Honestly, the debate is kinda over. We’ve spent the better part of two decades arguing over bar stools and Twitter threads about who the "GOAT" is, but if you look at the landscape in early 2026, the dust has settled. Lionel Messi isn’t just a name anymore; he’s a statistical anomaly that happens to have a human pulse.
People love to bring up the "system player" argument. They used to say he could only do it at Barcelona. Then he went to Paris and won a league title. Then he went to Miami and turned a bottom-tier MLS club into 2025 MLS Cup champions. At 38 years old, he’s still sitting in the top 10 of the Ballon d'Or power rankings for 2026. That shouldn't be possible.
The math is honestly terrifying.
The 900-Goal Threshold
As we sit here in January 2026, Messi is staring down the 900-goal mark. Think about that for a second. Most world-class strikers are lucky to hit 400. He’s currently at 896 career goals for club and country. He’s also the most prolific creator the game has ever seen with 407 official assists.
The "Messi best soccer player" tag isn't just about the scoring, though. It’s the efficiency.

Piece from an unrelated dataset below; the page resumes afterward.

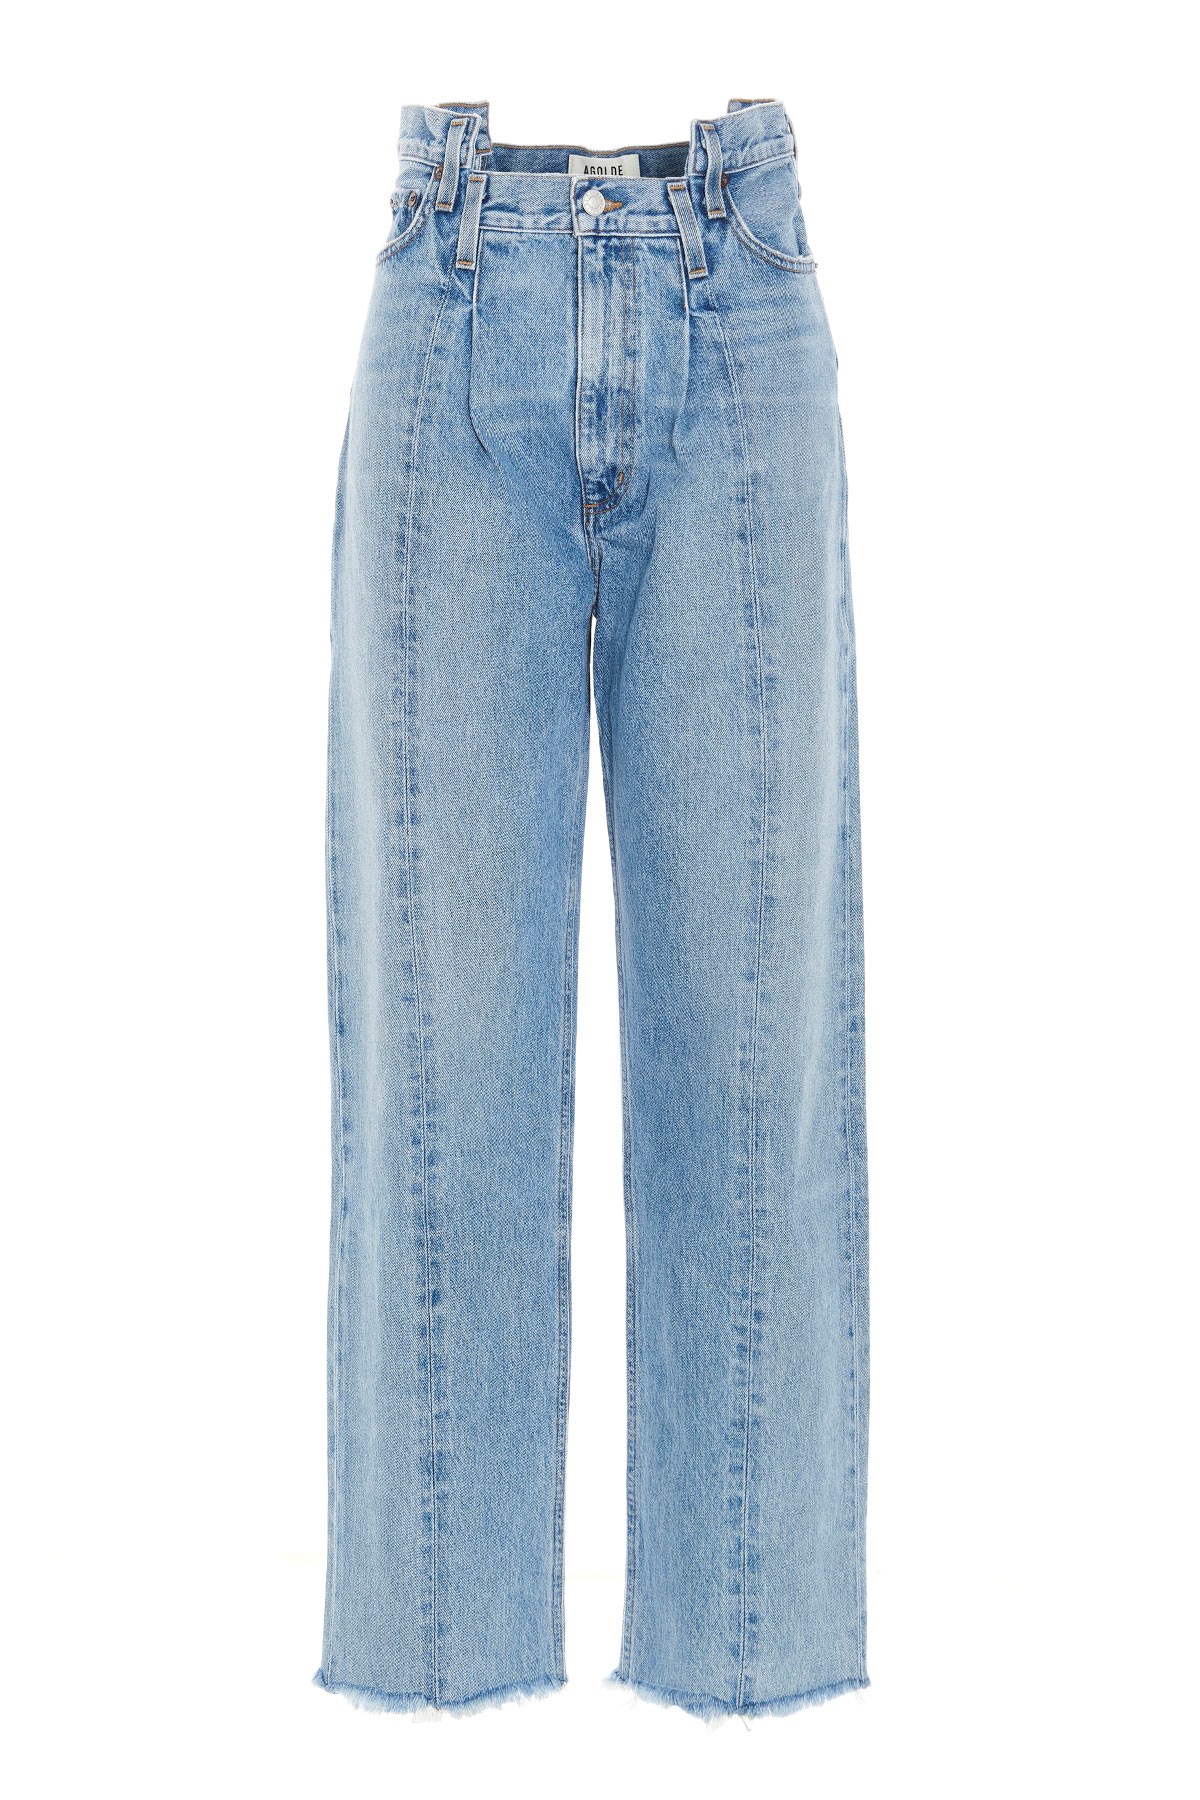 AGOLDE Jeans 'Pieced Angled'

In the 2025 season for Inter Miami, he didn't just play; he dominated.
- 29 regular-season goals (winning the Golden Boot).
- 6 postseason goals leading to the title.
- The first player to win consecutive Landon Donovan MLS MVP awards.
He’s doing this while walking. Literally. If you watch his player heat maps from the 2022 World Cup or his recent MLS runs, he spends a massive chunk of the game just strolling. It’s not laziness. It’s predatory. He’s calculating the exact moment your left-back loses concentration for half a heartbeat.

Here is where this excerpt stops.